Vancouver IslandUniversity
evolution: a journey
A VIU Visual Art Alumni Exhibition
January 14 - February 14
It is with pride and great excitement that we welcome back to the VIEW Gallery six recent graduates from VIU's Visual Art Program. Since leaving VIU, these exceptional individuals have continued to grow and thrive as they push their art-forms in new and exciting directions.
Inspired by the interconnectedness of Indra's net, Jadranka Andros builds up the surfaces of her watercolour and acrylic paintings with rhinestones, crystals, wire and paper to create compelling works in relief. Andros says that "Each piece is both a fragment of the whole and a mirror of it, inviting viewers to see themselves as part of a larger, unified world"
With vibrant colour, hard edges and flowing lines, Carra Christie’s vibrant acrylic on canvas paintings beautifully capture the energy of air, water, sound and movement through space. Within the frames of her recent acrylic paintings she creates a “visual bending-of -the -rules” to conjure a perspectival impossibility that creates, she says “ a visual enigma which the viewer intuitively attempts to ‘untangle’ in order to satisfy the rational mind. “
With a profound and delicate touch, A. Georgi Frie has created a suite of reductive block prints that invite the viewer to take flight with her. With minimal means Frie successfully conjures, wonder, innocence, and the peace that comes from direct observation. With two, three and four colour compositions, she cinematically portrays the aerial acrobatics performed from a flight school close to her home studio.

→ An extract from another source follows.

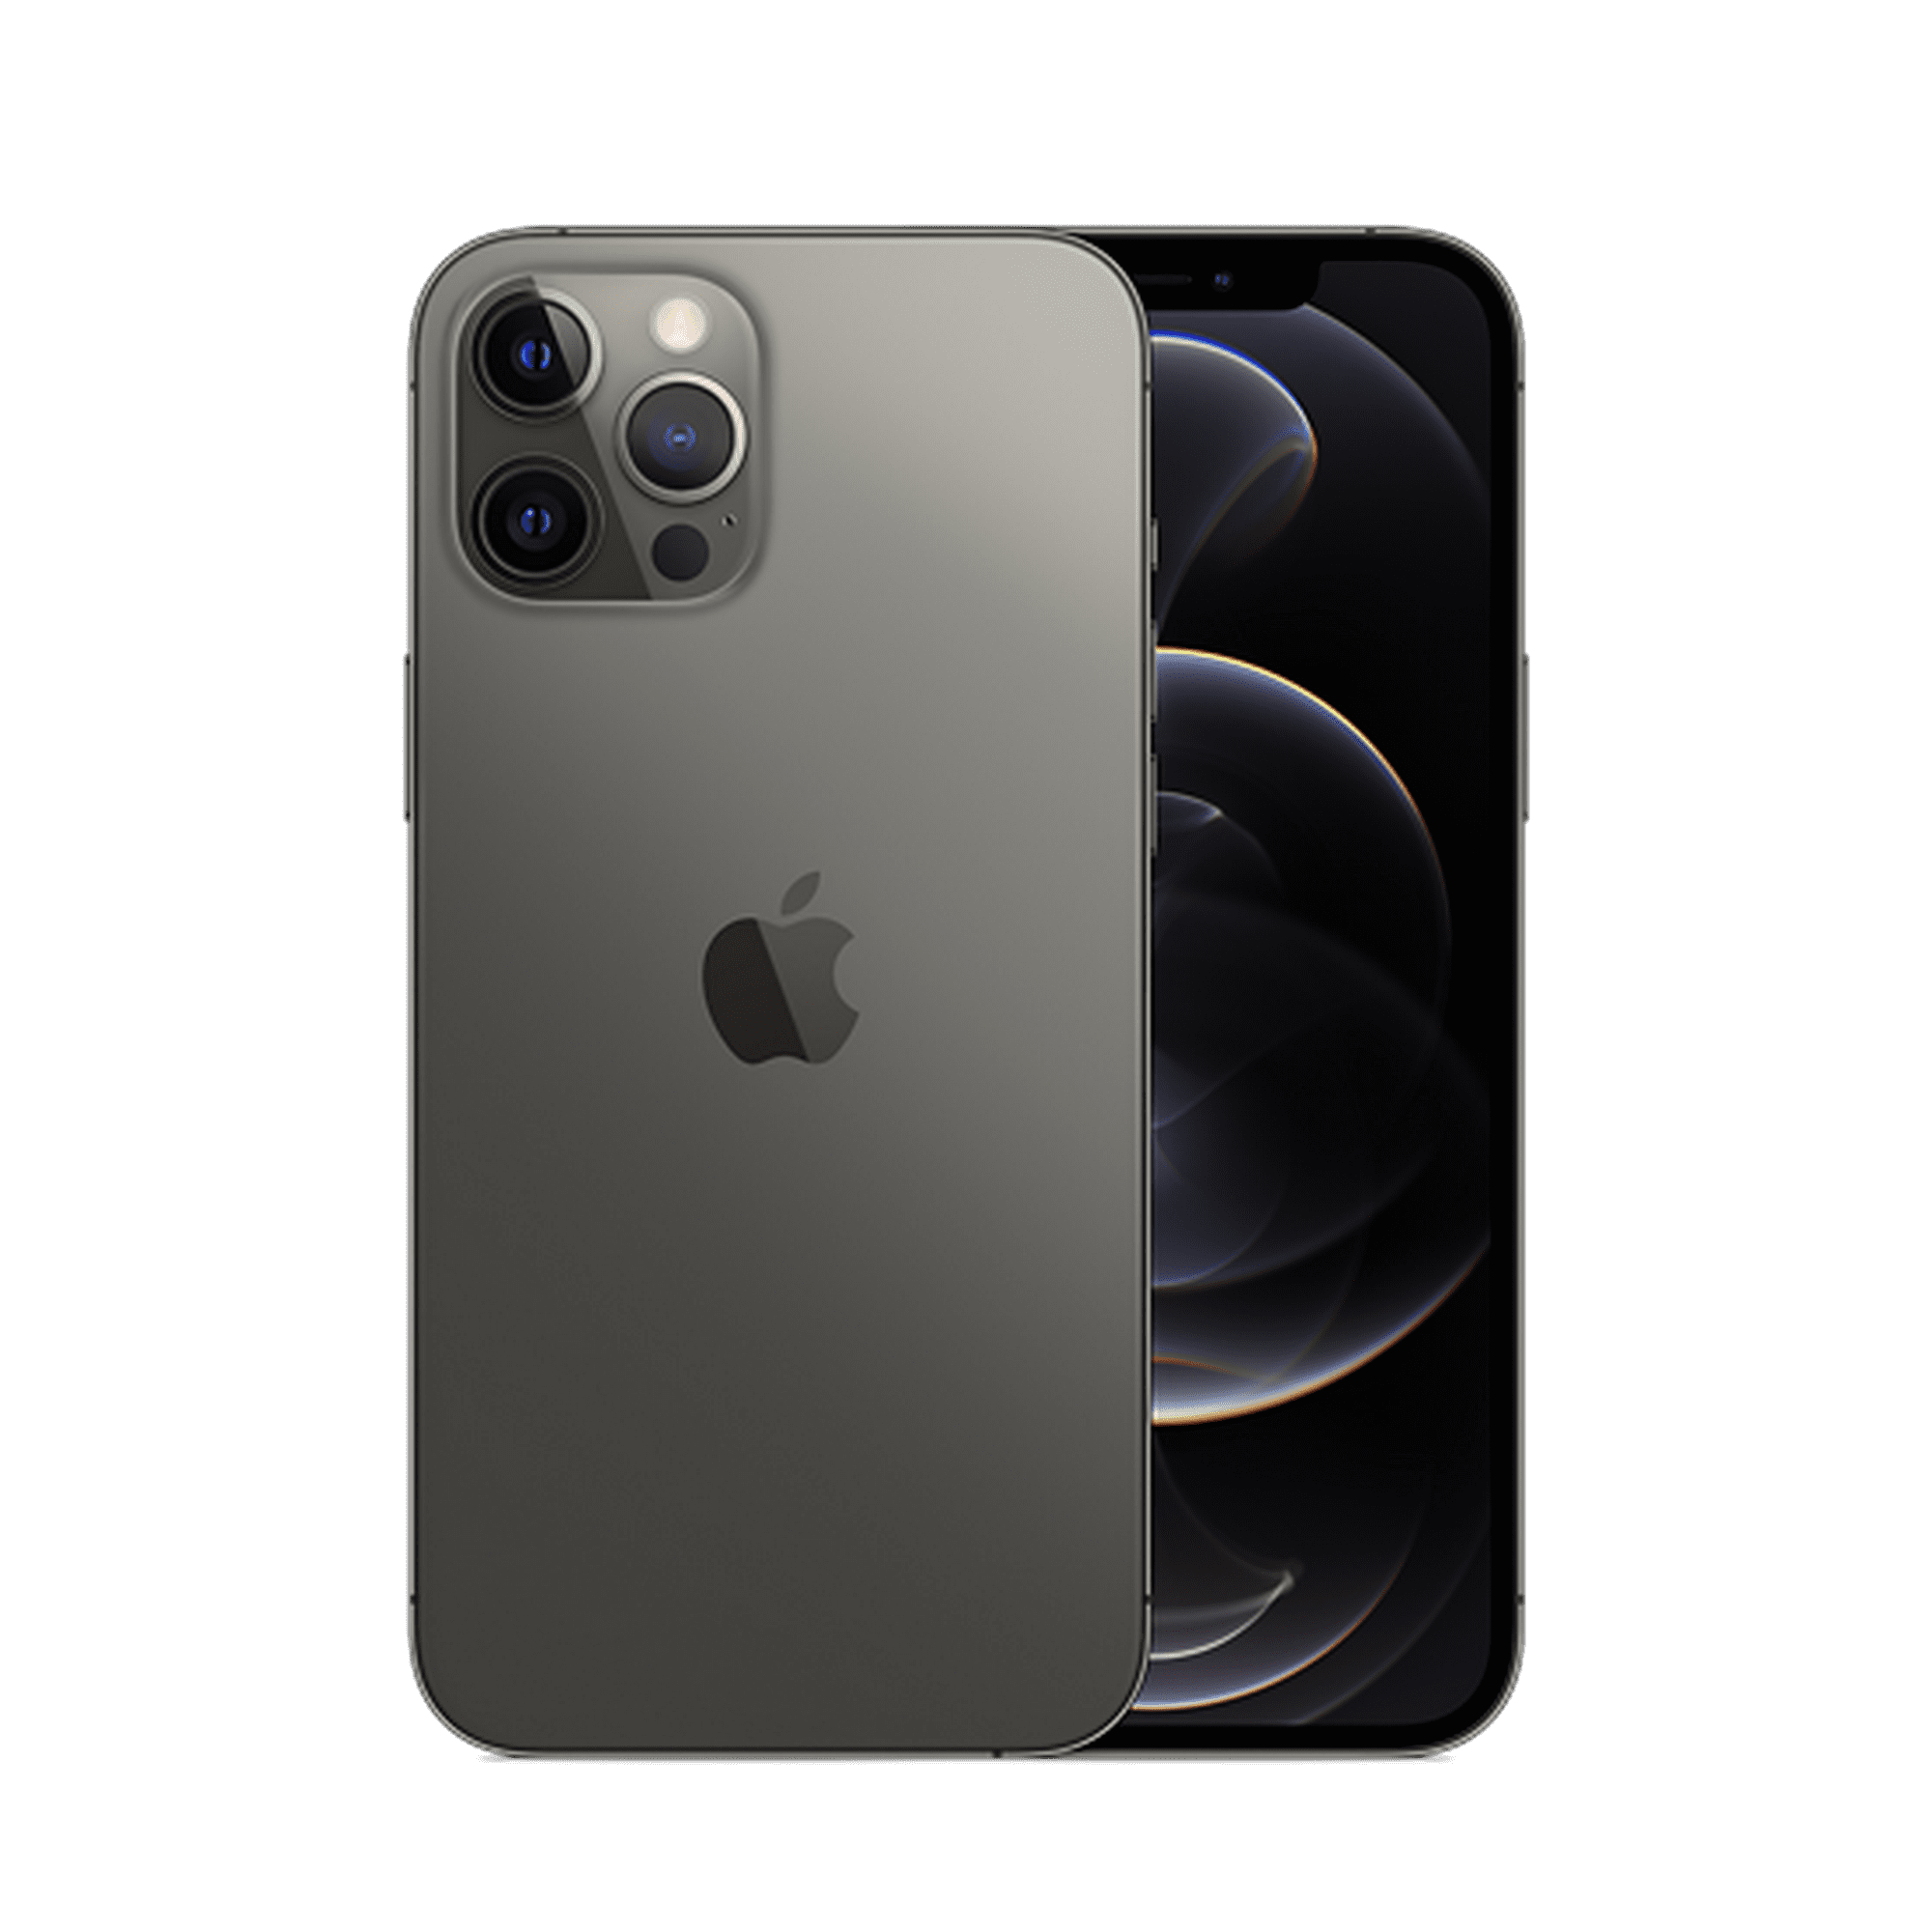 Apple iPhone 12 Pro Max 256GB 5G - Factory Unlocked Smartphone

Julia Knowlden’s lush and atmospheric oil on canvas depictions of the fungal world and the mycelia networks that support them, hold within them a quiet resistance to the commercial, industrial powers that seek to transform our wild natural places into condos and strip malls. Her sculptural textile work Hanging by a Thread is, itself an artifact of a performative act of resistance in front of Canmore Town hall ( that can be viewed in her video). The performance was a protest to the recent decision to develop part of the Three Sisters Wildlife Corridor into condos and resorts.
Working intuitively in sculpture, mixed media, watercolour and ink, Jason Ritter transforms his grapples with past trouble into beautiful works of art. Through a process akin to alchemy, he wrests with these internal battles, forging his struggles into objects and images of power and beauty.
Denise Tierney’s evocative work in oil on cradled panel and canvas takes as its focus the human condition. Her use of colour and gesture reveal a masterful handling of her medium. In the suite of works she is sharing with us here, she casts her sensitive gaze on life’s rituals. Whether in light hearted shared traditions, or personal rites of passage, heavy in gravitas, are all present in these compelling compositions.
It is an honour to welcome these six VIU Visual Art Alumni back to share the fruits of their labours.